Keep in mind for cryptogram creation and cryptogram validation, there does not need to be a run-time link between the validator and the tokenized card (this is obvious by the apple deployment of a hardened secure element on the phone).

So understanding how tokenized or non-tokenized cryptograms are created and validated is important.  By the way,  the algorithm is identical for tokenized or non-tokenized.  The "tokenized" part of the features is actually out of the scope of cryptogram calculation / validation.

Cryptogram creation requirements:
1) card creation time, the token issuer authority (card network) contains an issuer master key for a "tokenized" BIN.  The master key for the "tokenized" bin is used to create a "tokenized" Unique Derived Key (tUDK) and "tokenized" Personal Account Number (tPAN) for each "tokenized" card when a Token Requestor requests a token on behalf of a card issuer.

2) Also at card creation time, this new "tokenized" UDK and "tokenized" PAN are delivered back to the Token Requestor

3) Now from a token requestor perspective, it is business as usual for tokenized card personalization.  This data is injected to the tokenized card just like a non-tokenized card.

4) A LUK is created PRIOR to transaction time:
   a)  Tokenized UDK in the card + ATC used to create the tokenized LUK (AKA Session Key, or one time use key)
   b) this LUK can be exposed to the mobile device (in apple case, the calculation of the LUK or similar key can be created inside the SE of the mobile device)
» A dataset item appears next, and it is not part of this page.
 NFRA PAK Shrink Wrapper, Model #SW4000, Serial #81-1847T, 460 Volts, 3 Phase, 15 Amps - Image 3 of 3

5) At transaction time, the cryptogram is created:
   a)  Tokenized LUK + terminal UN (POS data) used to create final cryptogram returned to the POS for processing

Have a look at how the Apple Pay system works during payment time:


And obviously, the mirror transactional sequence for the Android environment:

You will notice that the net result from the reader perspective is identical in both cases; "Tokenized Data" as described above.  The Android app and cloud based secure element, however, must work together throughout the life of the app on the phone to produce this result.


What tokens solve!:

Legacy Processing:  The main thing, in my eyes, that tokenization solves is the backend processing changes.  The HCE side of the equation requires, for some card networks, new Cryptogram calculation specifications to be processed because the cryptogram calculation process is forced to be changed.  i.e. intro to CVN 43!
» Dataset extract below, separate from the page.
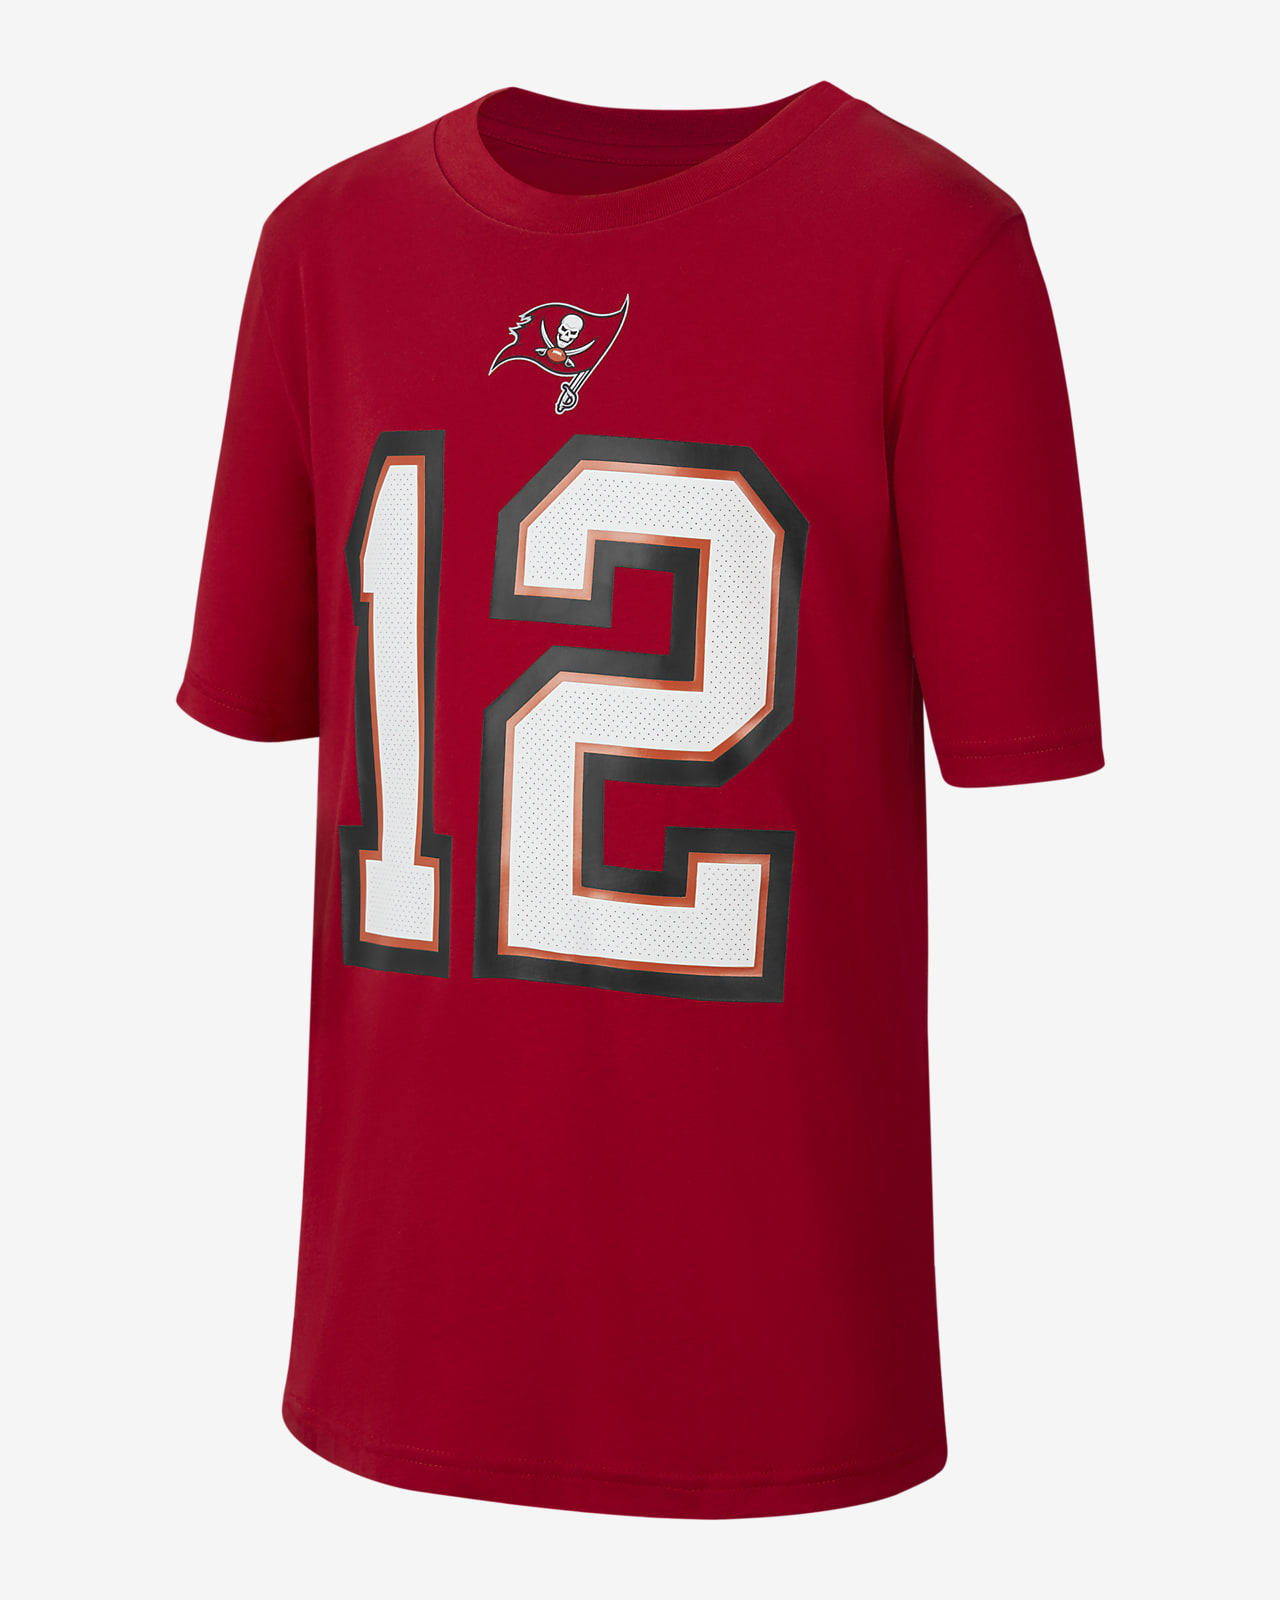 T-shirt Nike (NFL Tampa Bay Buccaneers) pour ado

Believe it or not, this is probably the biggest driver for tokenization because it is faster to build the tokenization engine and allow it to validate and convert the new cryptogram to an older version than it is to go into the old old old old (say it one more time...old) processing houses that are running Commodor 64, pascal, and big tape drives and get them to update the cryptographic algorithms on the HSM.  So, both VISA and mastercard can just as easy validate the CVN 43 CBP cryptogram just before the service de-tokenizes it.

Firewalling Transactions:  When a token is created, it is implied that the tokenization engine will always have to de-tokenize prior to processing the transaction,  with that, obviously coves verification of the token.  This is a perfect opportunity to build in transaction processing rules for that token such as:
1)  Card present only transactions (this token must ALWAYS contain a cryptogram with it)
2)  Use this token at ONLY these particular merchant IDs
3)  This token is ONLY valid for transactions within a 90 day period!
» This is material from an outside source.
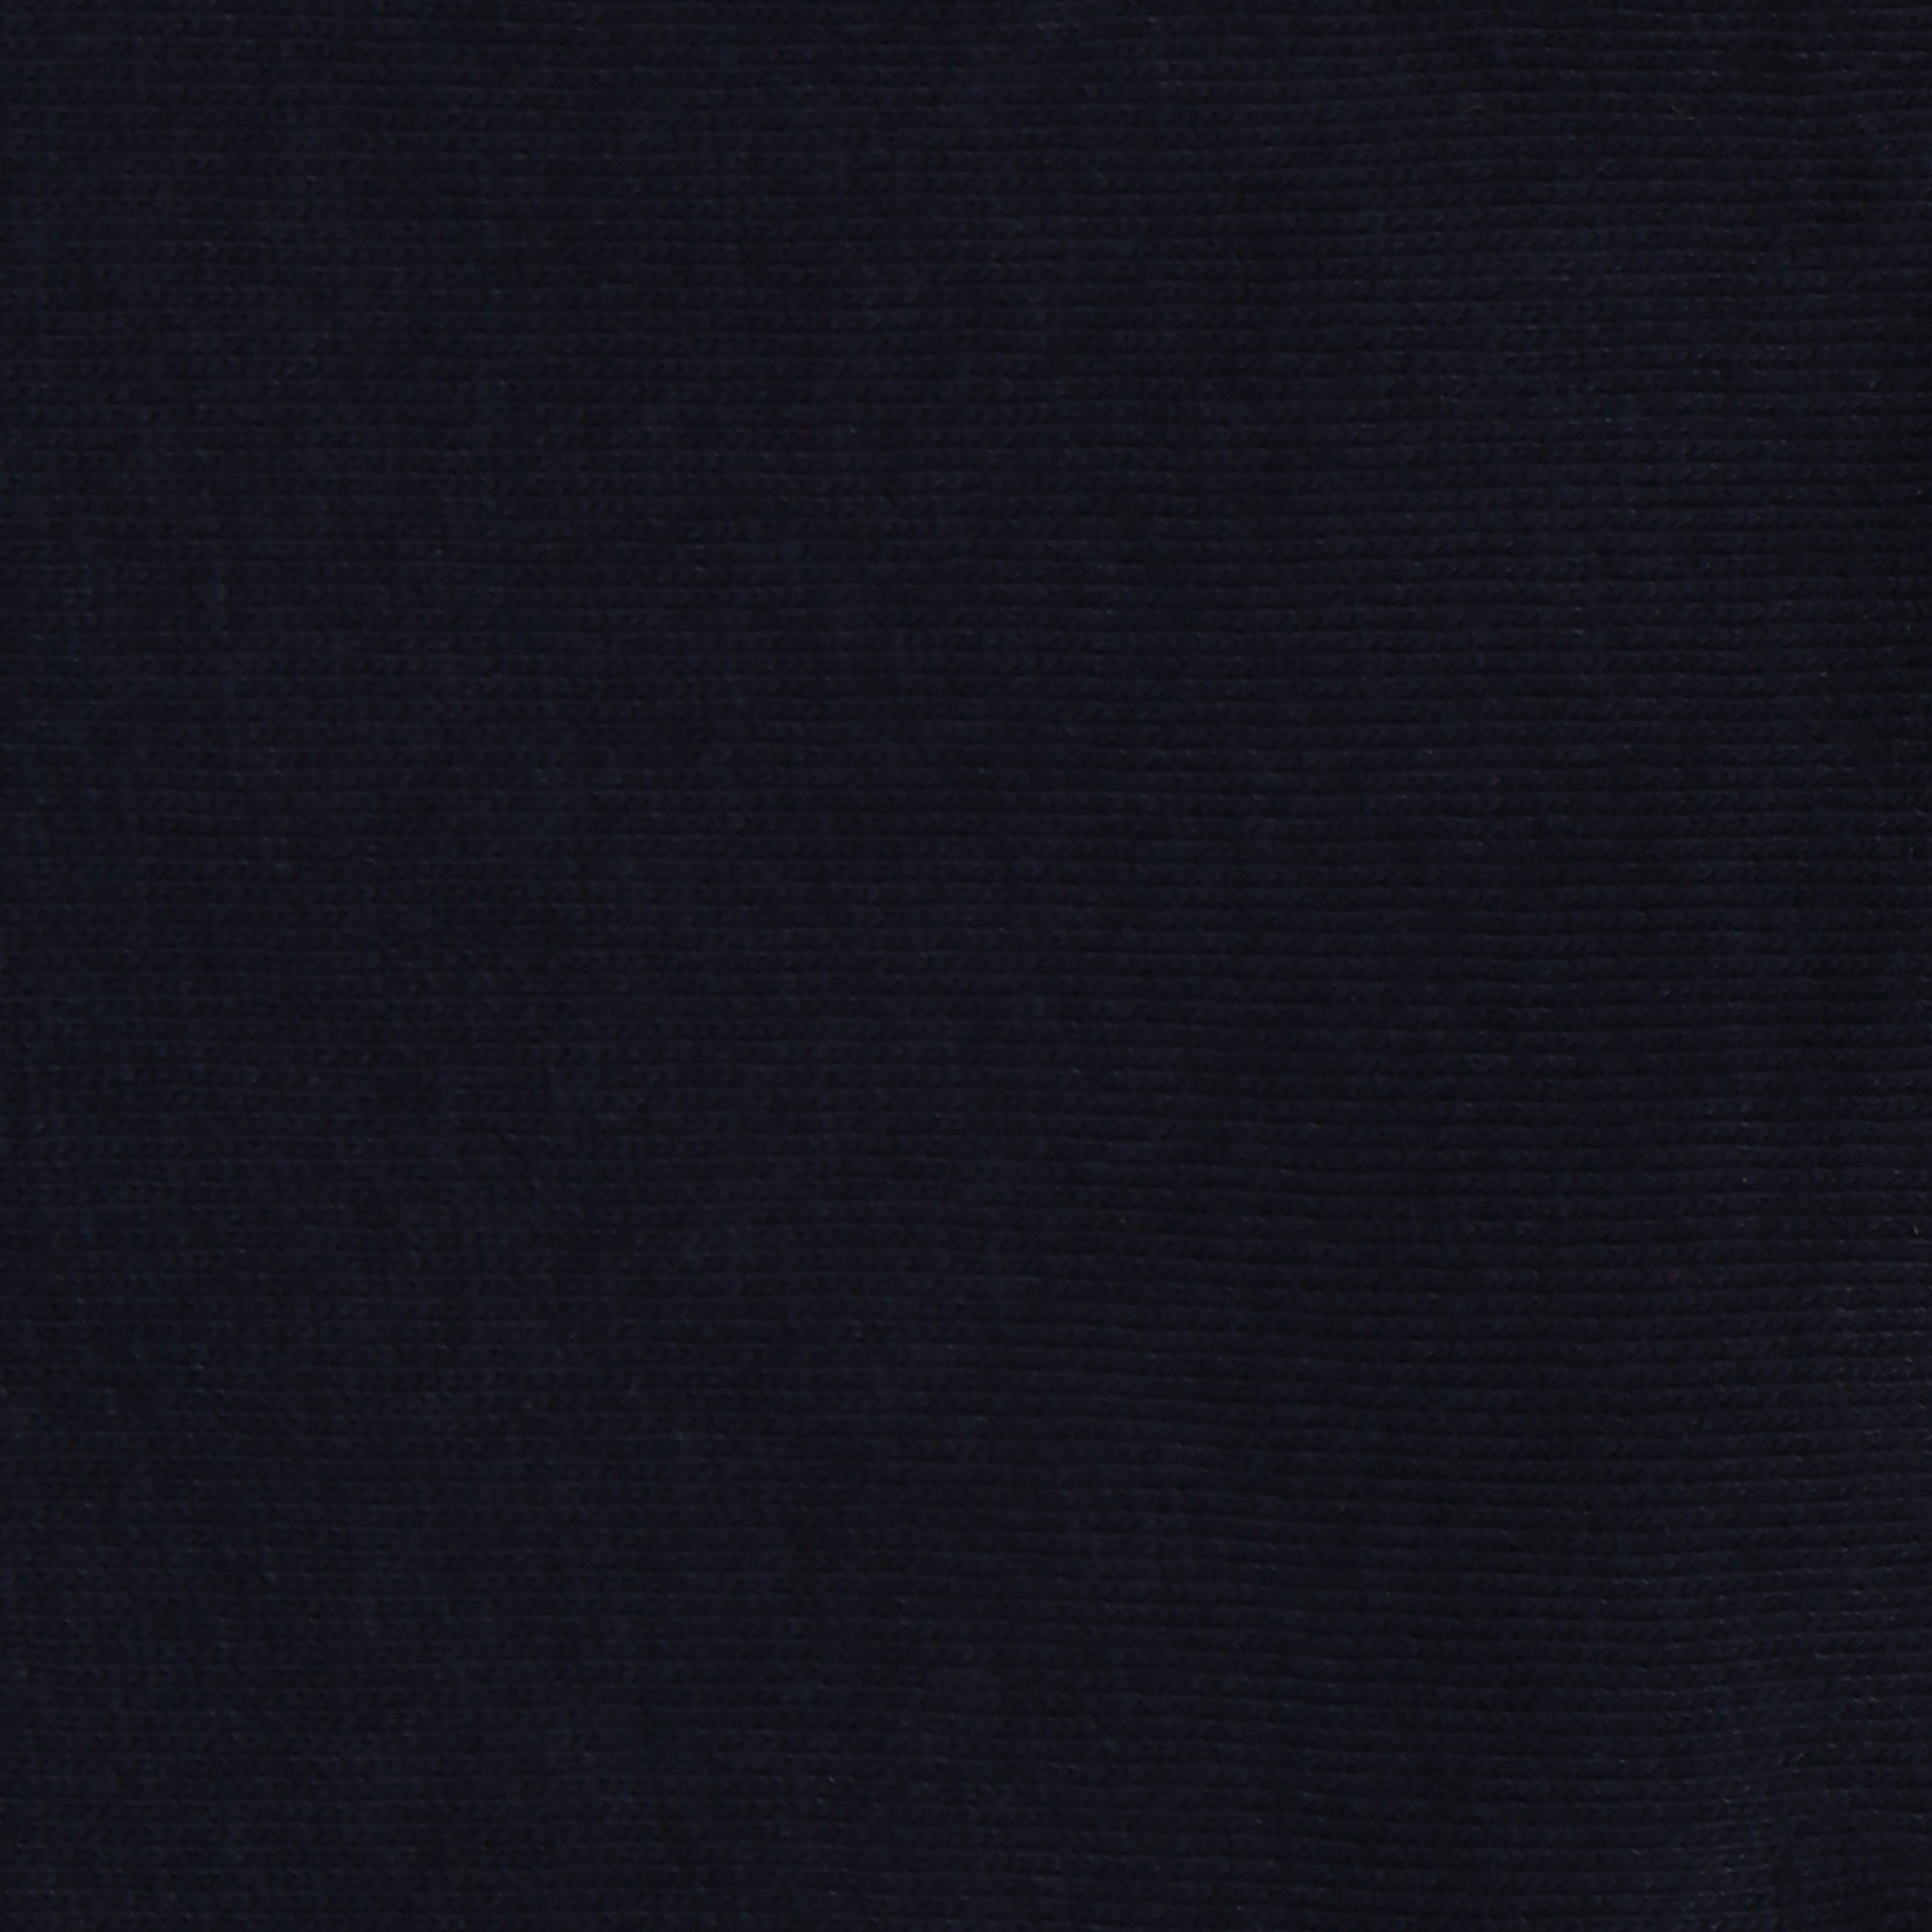 Футболка мужская M-1 Promo темно-синяя с коротким рукавом XL, цвет синий, размер XL - фото 3

Translating to Card On File:  Major wins for Apple, Google, Amazon, and anyone else who has scores of cards on file buried in their datacenter.  Not only does tokenization allow you to translate to an existing bank account.  As displayed by Apple, it also allows you to translate a token to an account that may then represent one of many Cards On File for a particular google, amazon, or apple account.  Potentially this allows lower than Card Not Present rates for internet based transactions.